Selective PHI Redaction

Redact only some PHI from a clinical note rather than all PHI found.

Sometimes, you only want to redact some of the protected health information (PHI) that is identified by the API. This may happen when you are using patient data internally, like for training or storage, and you need to see and/or use some of the PHI while scrubbing the rest.

To do this, we can first call the Identify PHI endpoint to see what PHI exists in our query text, and then we can run code to exclude some of those PHI Types from redaction.

Step 1: Call the Identify PHI Endpoint

You will need to import and set up the ScienceIO library and pandas (under the pd alias) to successfully run the code. Feel free to replace the query_text with your own if you want to try it on your own data or clinical notes.

# Import and set up required packages
from scienceio import ScienceIO
scio = ScienceIO()
import pandas as pd

# Provide query text containing PHI
query_text = "Jane Doe went to see Dr. House for an outpatient visit. The doctor upon examining her determined she needs to come in for a surgery. The surgery was scheduled to be performed at the Mercy Hospital in New Hope, PA. "

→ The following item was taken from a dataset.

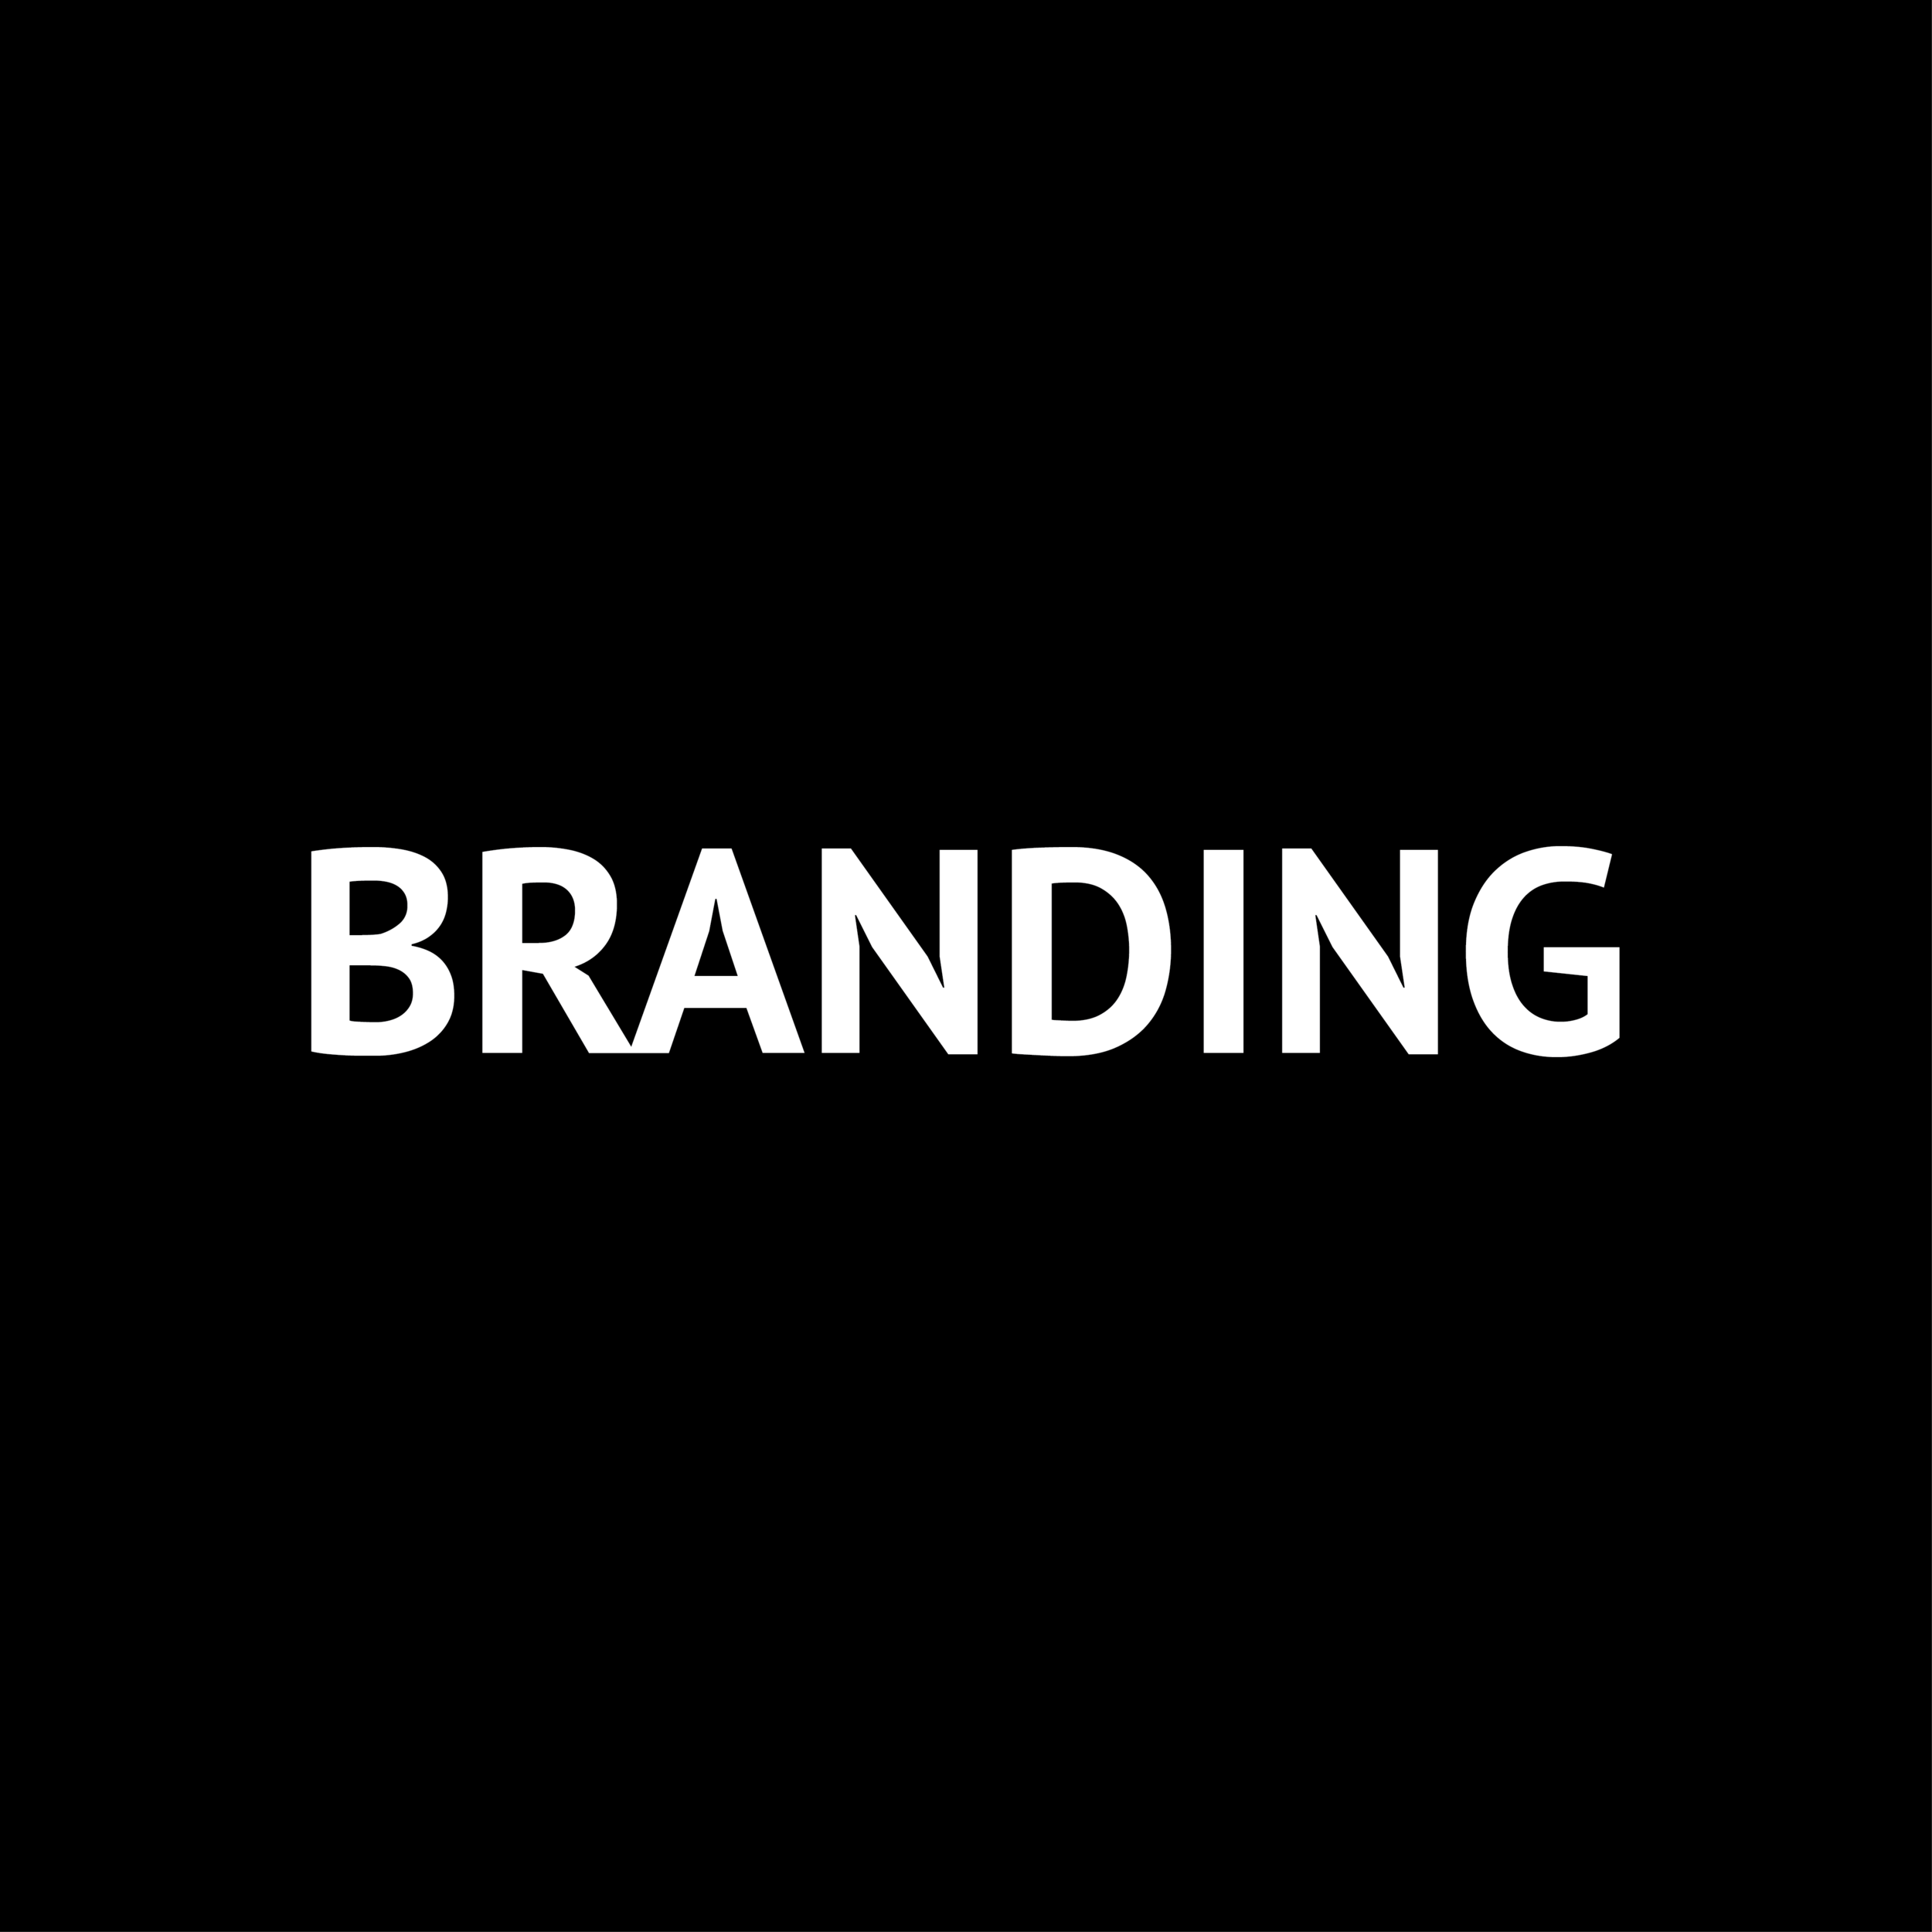 BRANDING  | Bre.

# Call the Identify PHI endpoint
identify_result = scio.identify_phi(query_text)
identify_result

Step 2: Choose Which PHI to Keep Visible

If you already know which PHI Types you want to exclude from redaction, you can go directly to step 3 to specify those values. The following PHI Types are available for redaction and could show up in your JSON response:

AGE
BIOID
CITY
COUNTRY
DATE
DEVICE
DOCTOR
EMAIL
FAX
HEALTHPLAN
HOSPITAL
IDNUM
LOCATION-OTHER
MEDICALRECORD
ORGANIZATION
PATIENT
PHONE
PROFESSION
STATE
STREET
URL
USERNAME
ZIP

Otherwise, look at the JSON response and decide which PHI Types you wish to redact. They can be found in the label values. The response looks like this:

{'input_text': 'Jane Doe went to see Dr. House for an outpatient visit. The doctor upon examining her determined she needs to come in for a surgery. The surgery was scheduled to be performed at the Mercy Hospital in New Hope, PA. ',
 'annotations': [{'labels': {'phi_type': {'label': '[PATIENT]',
     'score': 0.999},
    'category': {'label': '[PERSON]'}},
   'text': 'Jane Doe',
   'span': {'start': 0, 'end': 8}},
  {'labels': {'phi_type': {'label': '[DOCTOR]', 'score': 0.999},
    'category': {'label': '[PERSON]'}},
   'text': 'House',
   'span': {'start': 25, 'end': 30}},
  {'labels': {'phi_type': {'label': '[HOSPITAL]', 'score': 0.999},
    'category': {'label': '[INSTITUTION]'}},
   'text': 'Mercy Hospital',
   'span': {'start': 182, 'end': 196}},
  {'labels': {'phi_type': {'label': '[CITY]', 'score': 0.999},
    'category': {'label': '[LOCATION]'}},
   'text': 'New Hope',
   'span': {'start': 200, 'end': 208}},
  {'labels': {'phi_type': {'label': '[STATE]', 'score': 0.999},
    'category': {'label': '[LOCATION]'}},
   'text': 'PA',
   'span': {'start': 210, 'end': 212}}]}

Step 3: Selectively Redact the Remaining PHI

First, we’ll specify which label values should be excluded from the redaction in a do_not_redact variable. Next, we’ll process the original text again but parse the annotations in reverse order (this is to avoid unexpected changes in the start and end values as PHI is redacted), and redact only the PHI Types that are not included in the do_not_redact variable. Then we’ll print the result.

In this example, we are choosing NOT to redact the following PHI Types:

  • DOCTOR
  • HOSPITAL
  • STATE

If you wish, change the PHI Types to ones found in your own data or clinical notes. The full list of possible PHI Types is shown in Step 2.

# DO NOT REDACT list
do_not_redact = ["[DOCTOR]","[HOSPITAL]","[STATE]"]

# Redact the text
redacted_text = identify_result["input_text"]
for annotation in reversed(identify_result["annotations"]):
    phi_type = annotation["labels"]["phi_type"]["label"]

    if phi_type not in do_not_redact:

        start = annotation["span"]["start"]
        end = annotation["span"]["end"]
        redacted_text = redacted_text[:start] + phi_type + redacted_text[end:]

redacted_text

The selectively redacted text looks like this:

[PATIENT] went to see Dr. House for an outpatient visit. The doctor upon examining her determined she needs to come in for a surgery. The surgery was scheduled to be performed at the Mercy Hospital in [CITY], PA.